Monday, August 1, 2022

Do We Take Friendship for Granted?

We stood, facing each other in our black gowns and mortarboards outside Philips Hall, that Gothic-style building whose red-velvet-seated auditorium we knew well.


“Let’s stay in touch,” she said, handing me her address.

Surprised, I took the slip of paper. “Sure.”

Lisa and I had met while waiting to audition for West Chester State College’s School of Music, she on flute, I on clarinet. (I was accepted as a piano major, she as a bassoon major.) We became friends in the way classmates do, through regular interaction in classes and ensembles, in the halls. We each joined Sigma Alpha Iota, a women’s music fraternity (yes, fraternity, to highlight that this was not a social club) and eventually served as officers together. Yet for all that, I never felt that we were close. Still…

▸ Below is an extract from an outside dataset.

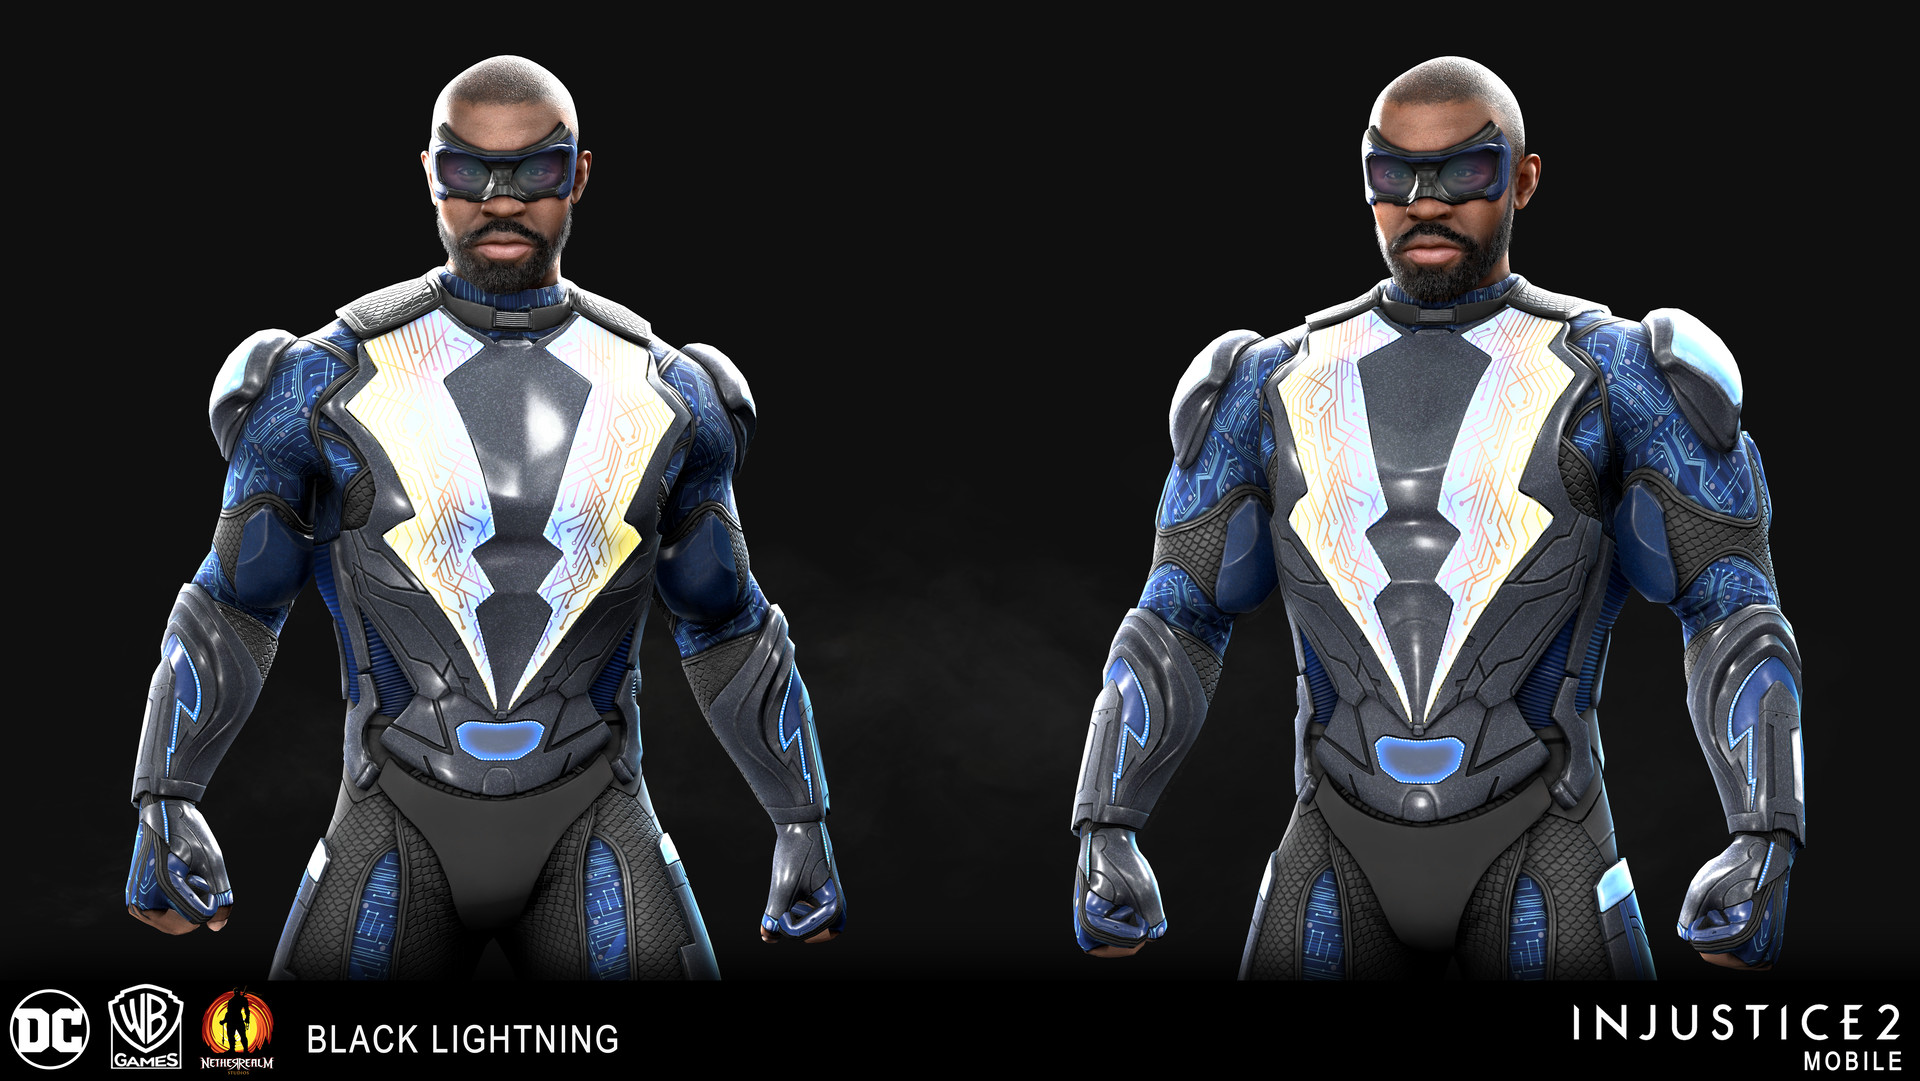 ArtStation - Black Lightning CW Head - Injustice 2 Mobile

I really tried to correspond regularly but my efforts were repressed by an assumption and by another, well-meaning, letter-writer. Grandma McIntosh who wrote me pages and pages would include some version of “I wish you’d write more often” in each of her letters. This undid me. I hadn’t yet realized that we all think our lives are ordinary. No one would want to read about my life. Even when living in New Mexico teaching Navajo youth, a place and a situation completely unfamiliar to most, I’d lament, “I have nothing to say!”

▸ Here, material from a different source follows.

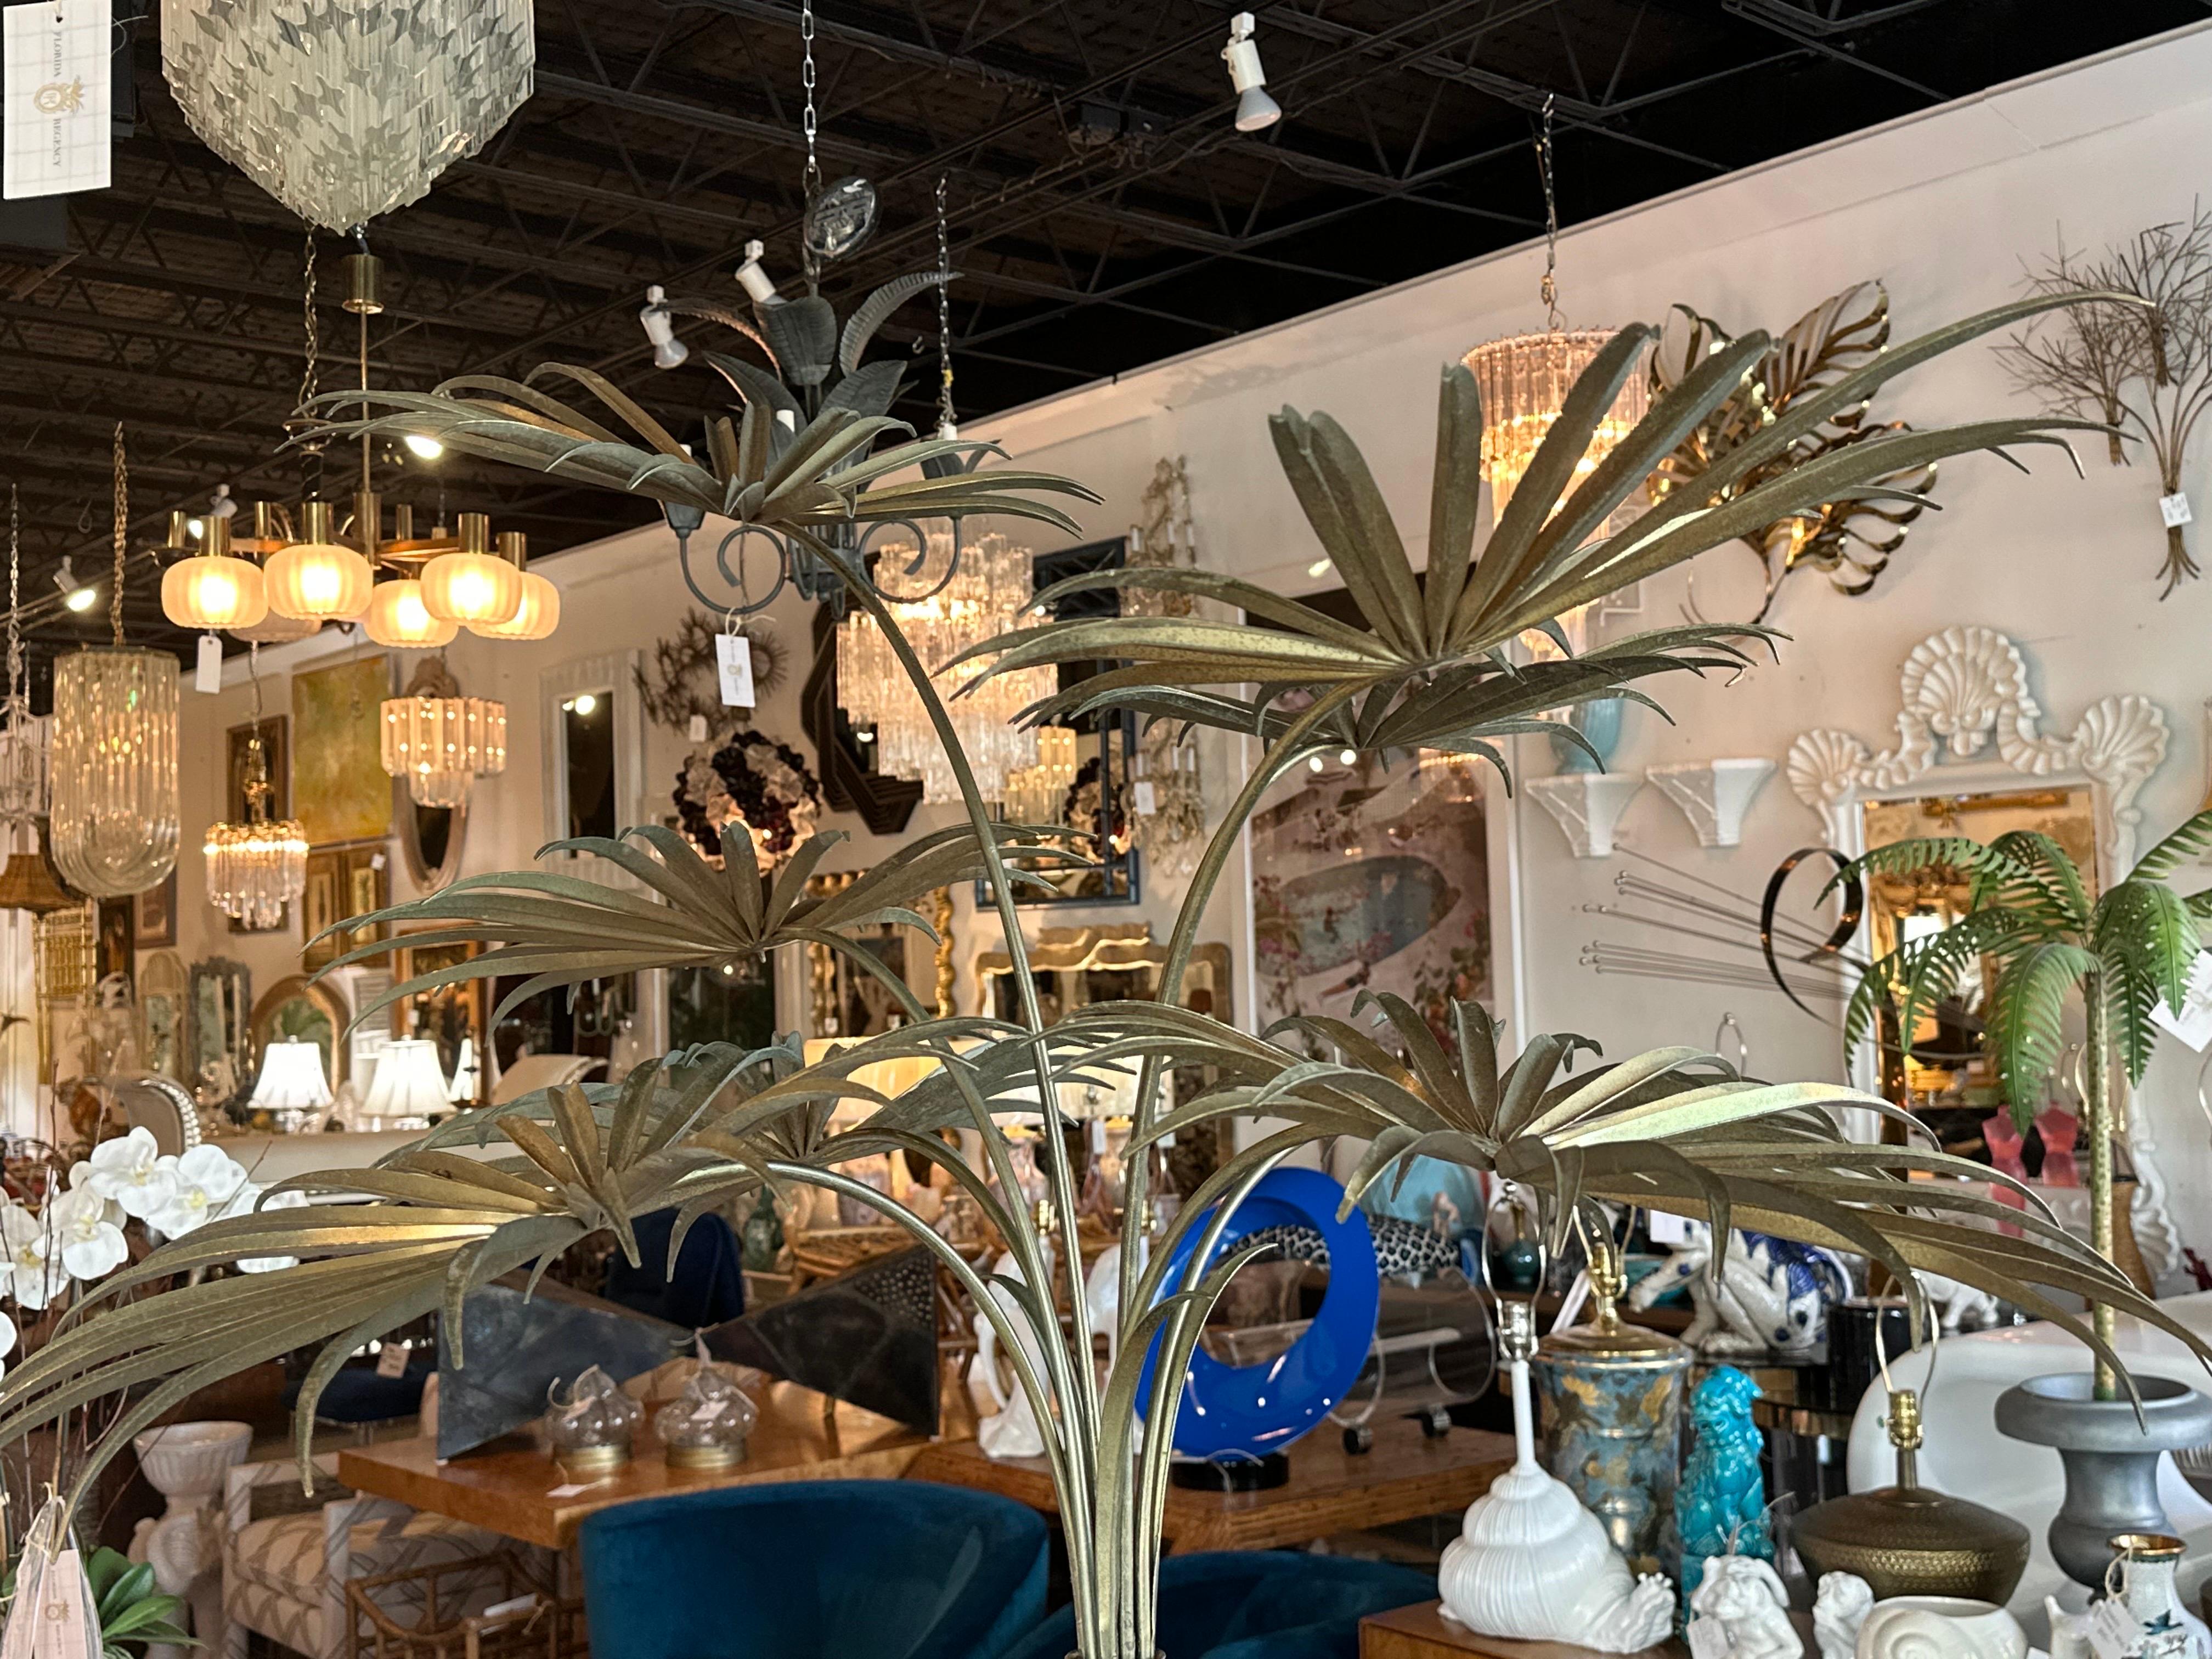 Lovely vintage métal or laiton tole palm tree statue pièce de décor. Fabriqué en Italie par Casa Bisque. Dimensions : 81 H x 42 D. Base de la jardinière : 16 x 16. Patine sur le placage en laiton doré. Veuillez me faire savoir si vous souhaitez un

Lisa and I wrote back and forth for six or seven years. Her letters were prompt and full of newsy bits while I struggled to fill a page and a half (again not realizing that what I deemed ordinary would make good stories for someone living in New Jersey with a husband and three daughters). Eventually I received a “Dear Jayneann” letter: She needed a friend who made the effort to connect regularly and she was cutting me off.

As an adult, I’ve had friendships in tae kwon do class or with colleagues but none of them were close. (It’s no one’s fault; this is simply part of how I function. I take a l-o-n-g time to connect.) Not really understanding what close friendship is, I would listen longingly as others spoke of doing things together and about the friends who were always there for them.

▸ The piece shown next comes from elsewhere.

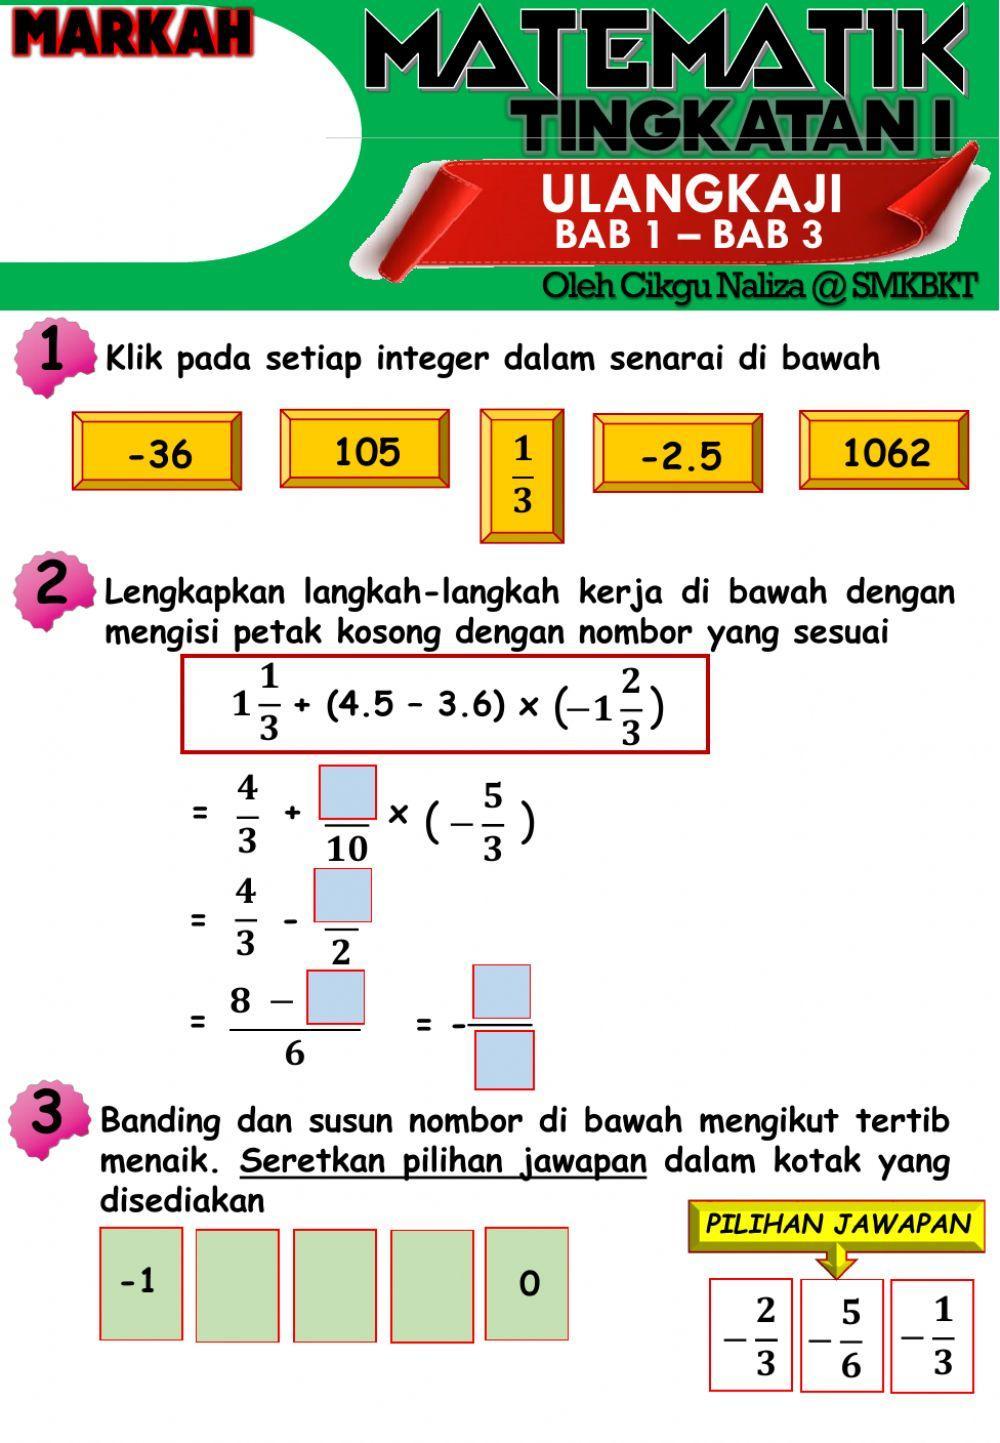 Matematik tingkatan 1(bab 1-bab 3)

This is the backdrop for my question:

Do you realize how truly amazing it is to have a friend?!

Researchers indicate that whatever happens in our lives, however wonderful or terrible the event, we will soon revert to our previous happiness set-point. You could win the lottery, lose the love of your life (or find them), travel the world for a year. In the end you'd be no happier or sadder than you were before it occurred. I have no reason to doubt this so I suspect that those of you with close friends seldom consider how truly blessed you are.

How do I know you’re blessed? Because I have a friend. And when I pause to consider our friendship I am blown away. This friend dropped everything to take me to and sit with me in the emergency room after I broke my foot last year. We hang out, talk and laugh together, hike or snowshoe… My friend tells me when I have food in my teeth and also that this thing that I do, this habit, is annoying. Wow…

Later this month, the two of us will head to the Boundary Waters Canoe Wilderness Area. I’ve wanted to visit there since hearing four years ago about endless lakes and meteor showers and old-growth red pines. Blueberries will be ripe. (Hopefully the bears will share.) The BWCWA is a designated Dark Sky Place and I look forward to seeing the night sky well again. The Milky Way. The Perseid meteor shower.

I’ve been lifting baby-weights to strengthen my shoulders. I’m uncertain about my stamina but we have no agenda so when the tick-disease-induced fatigue surfaces we’ll slow down. I’ve been tenting for as long as I can remember. And although I’d done almost no canoeing until recently I really enjoy it. Wild places nourish my spirit.

Soon, we’ll load up the Prius, head out and… the adventure will continue. I intend to return with great memories!

I'm taking a break for a couple weeks but I’ll be back after that. See you then!

2 comments:

  1. Happy Trails! I'll be looking for your reflections after you've digested the experience!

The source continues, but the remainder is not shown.